Serum neutralizing antibodies titers against SARS-CoV-2 (German isolate; GISAID ID EPI_ISL 406862; European Virus Archive Global #026V-03883) were determined using a plaque-reduction neutralization test22. A plaque-reduction neutralization titer 50% (PRNT50%) of 1:20 or more was considered to be positive and a PRNT50% below 1:20 negative.

Medical ethical approval

All patient samples and data used in this study were collected in the context of routine clinical patient care. Additional analyses were performed only on surplus of patient material collected in the context of routine clinical patient care. The institutional review board of the Erasmus MC (Rotterdam, The Netherlands) approved the use of these data and samples (METC-2015-306). METC-2015-306 is a generic protocol to study viral diseases. Informed consent for COVID-19 research was waived by the privacy knowledge office of the Erasmus MC (Rotterdam, The Netherlands). Instead, patients had the right to opt-out against the use of their surplus patient material and their medical data for research. The opt-out system of the Erasmus MC was checked for all patients included in this study, and none of the patients included in this study opted-out against the use of their surplus patient material and their medical data for research.

Statistical analysis

Categorical and continuous variables were compared using the Chi-square test the student’s t-test, respectively. Generalized estimating equations were used to identify factors that are associated with a virus culture positive respiratory tract sample. The continuous data in the generalized estimating equations were dichotomized using various cutoff values. In the main paper we present the results of the best fitting generalized estimating equations using the levels of dichotomizing that had the best fit according to the quasi-likelihood under the independence criterion (QIC)28. Sensitivity analysis is shown in Supplementary Table 1 and Supplementary Table 2. All variables having a p value < 0.1 in univariate analysis were submitted into a multivariate general estimating equation to account for repeated measurements obtained from the same patient during hospitalization29. For this analysis we used the geepack package version 1.3-1 and R version 4.0.029. Probit analyses were performed with MedCalc version 19.2.3 (MedCalc Software Ltd).

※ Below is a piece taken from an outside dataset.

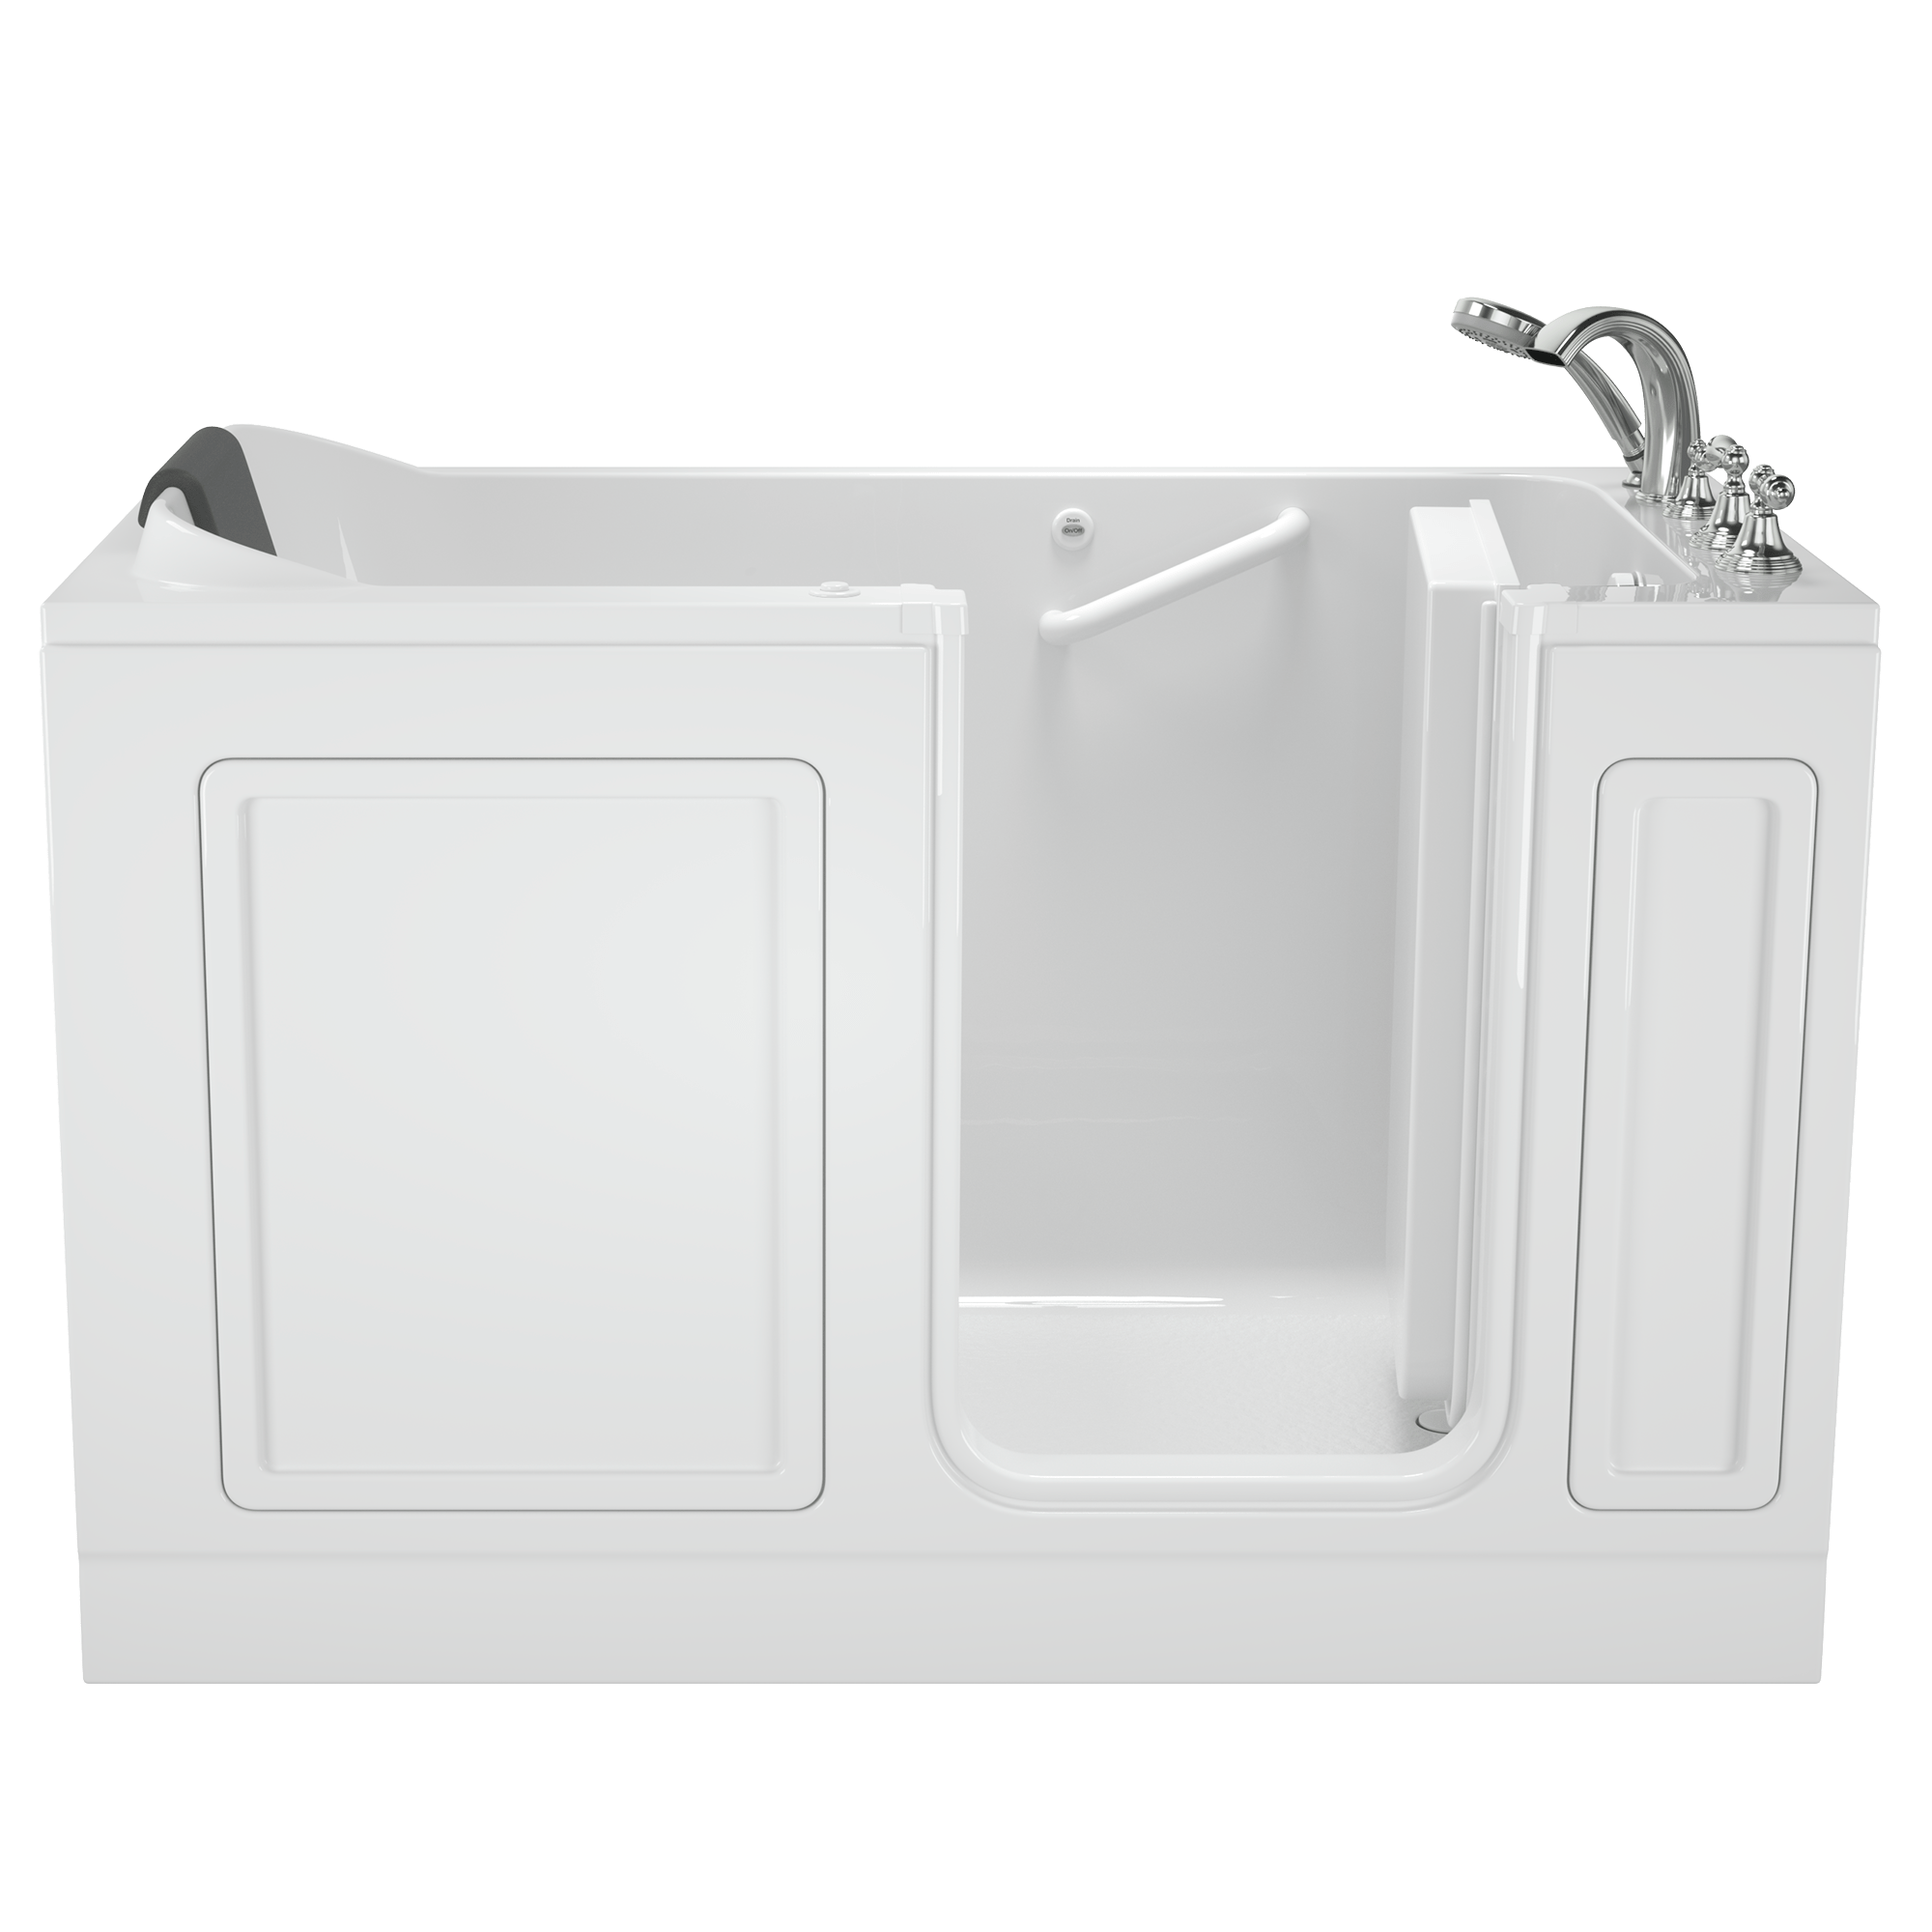 Acrylic Luxury Series 32 x 60 -Inch Walk-in Tub With Air Spa System - Right-Hand Drain With Faucet

Role of the funding source

This work partially was funded through EU COVID-19 grant RECOVER 101003589. The study sponsors were involved neither in the study design, the collection, analysis and interpretation of the data, writing of the report, nor in the decision to submit the paper for publication. The corresponding author had full access to all the data in the study and had final responsibility for the decision to submit for publication.

Reporting summary

Further information on research design is available in the Nature Research Reporting Summary linked to this article.